The above exception was the direct cause of the following exception:
NameError Traceback (most recent call last) Cell In[62], line 2 1 #transform the train and test data according to generated features. ----> 2 f_x_train, f_x_val = transform(x_train, x_val, features, n_jobs=1)

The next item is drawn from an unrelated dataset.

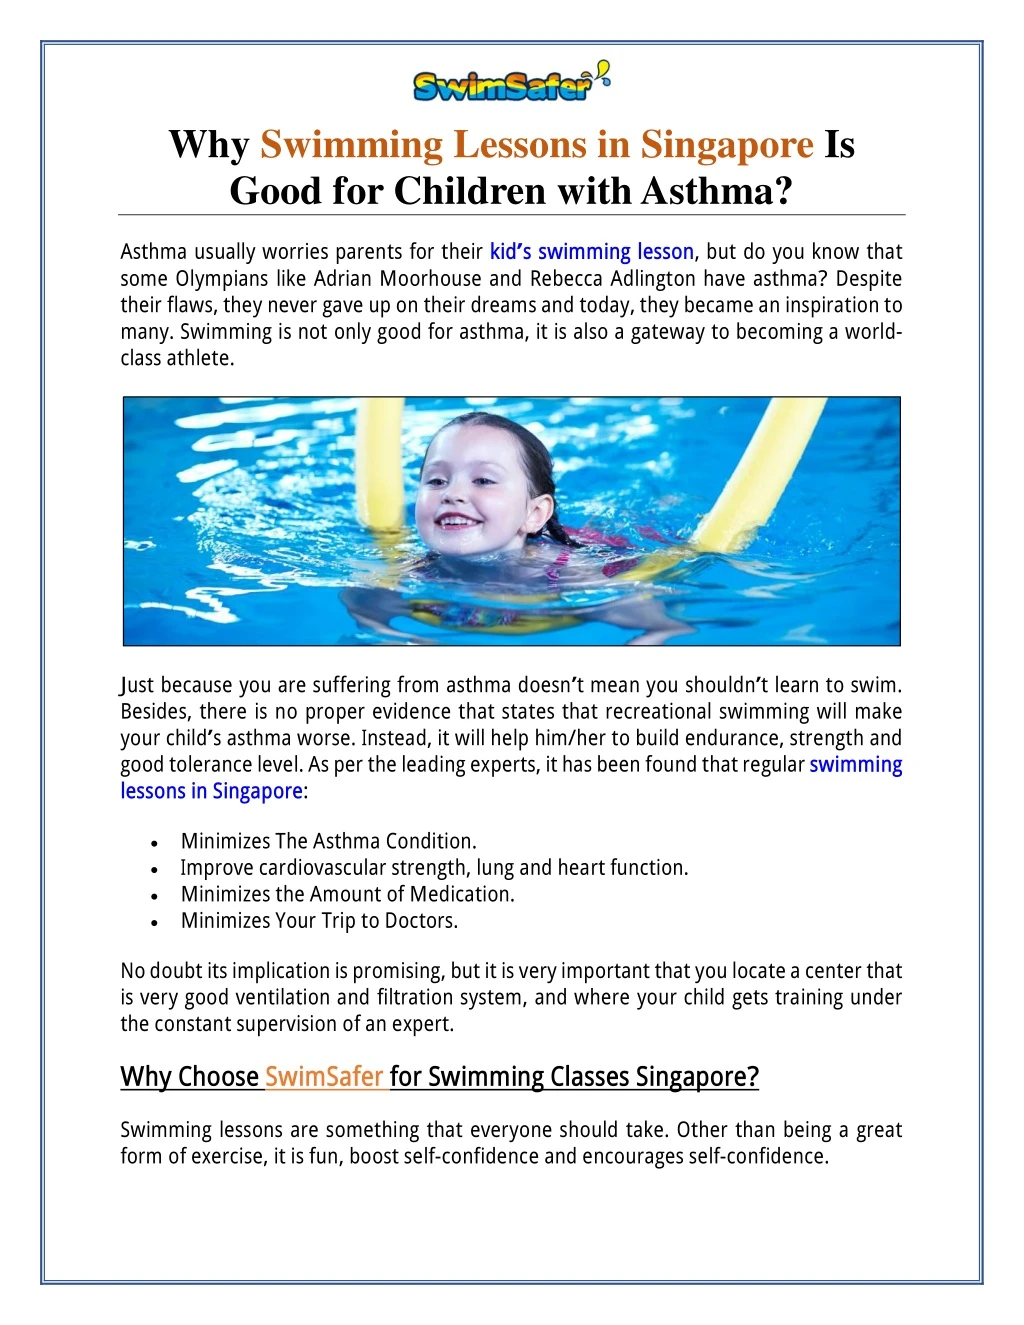 why swimming lessons in singapore is good
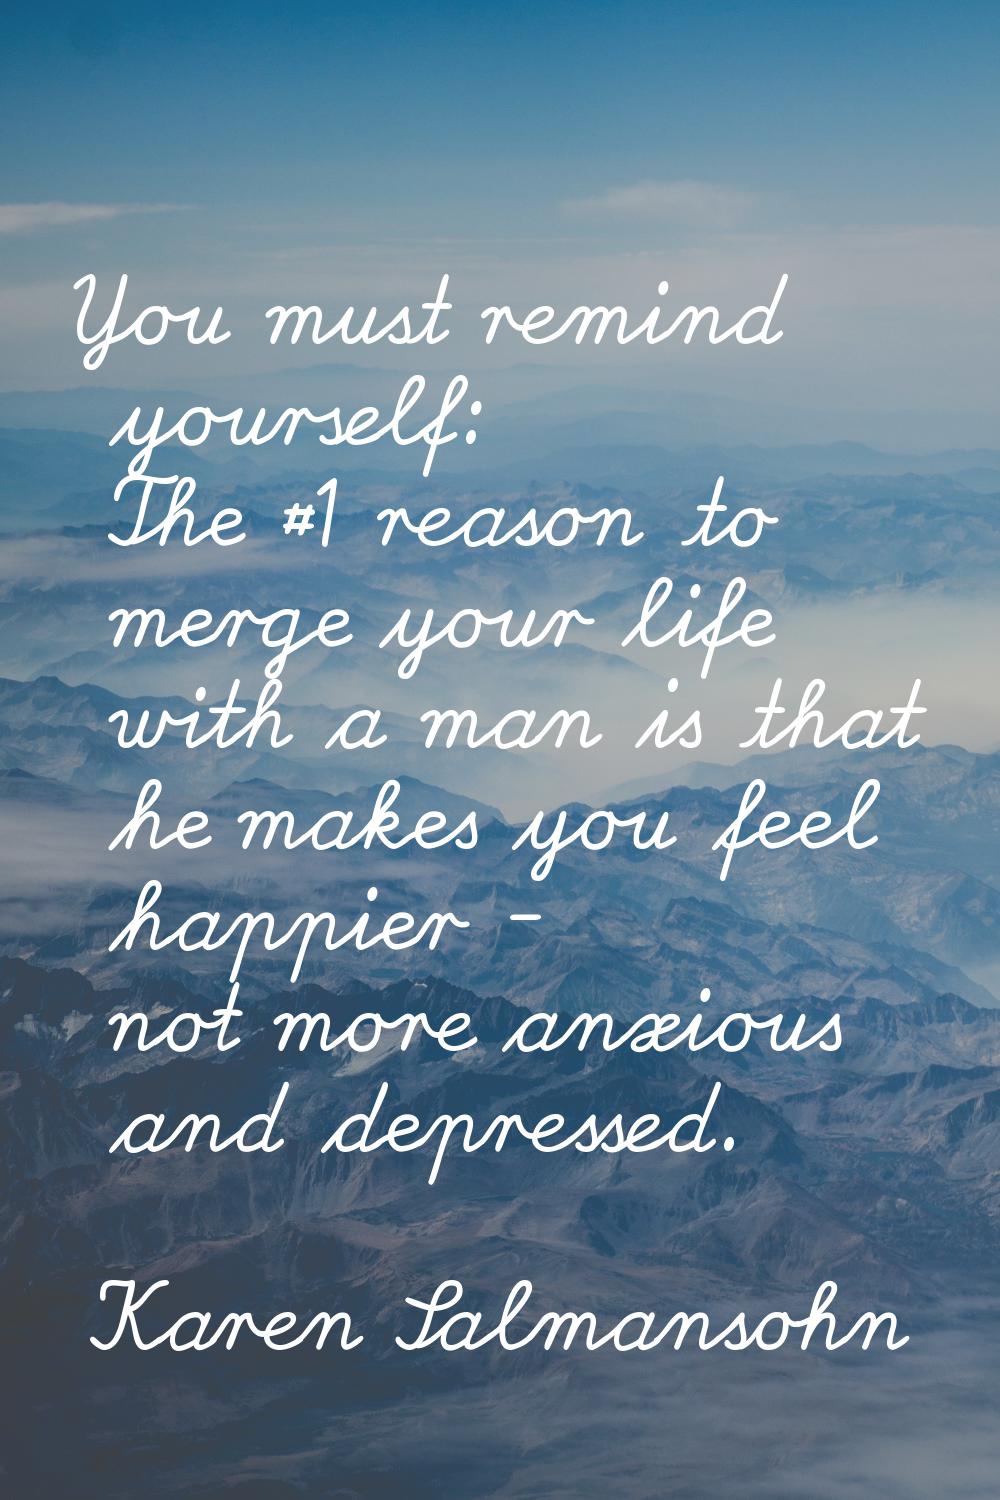 You must remind yourself: The #1 reason to merge your life with a man is that he makes you feel hap

File /opt/conda/lib/python3.10/site-packages/openfe/utils.py:147, in transform(X_train, X_test, new_features_list, n_jobs, name) 145 cat_feats = [] 146 for i, res in enumerate(results): --> 147 is_cat, d1, d2, f = res.result() 148 names.append('autoFEf%d' % i + name) 149 names_map['autoFEf%d' % i + name] = f
File /opt/conda/lib/python3.10/concurrent/futures/_base.py:451, in Future.result(self, timeout) 449 raise CancelledError() 450 elif self._state == FINISHED: --> 451 return self.__get_result() 453 self._condition.wait(timeout) 455 if self._state in [CANCELLED, CANCELLED_AND_NOTIFIED]:
File /opt/conda/lib/python3.10/concurrent/futures/_base.py:403, in Future.__get_result(self) 401 if self._exception: 402 try: --> 403 raise self._exception 404 finally: 405 # Break a reference cycle with the exception in self._exception 406 self = None
NameError: name 'exit' is not defined
It seems that the error comes from _data = pd.read_feather('./openfe_tmp_data.feather', columns=base_features).set_index('openfe_index')
. But credited
is not in the columns. Are you trying to run multiple openfe processes in the same machine?
only one openfe process am runing it on kaggle notebook .
The following code produced an error on the transform function. The fit function works correctly. This error is reproduced for every feature in the original dataset.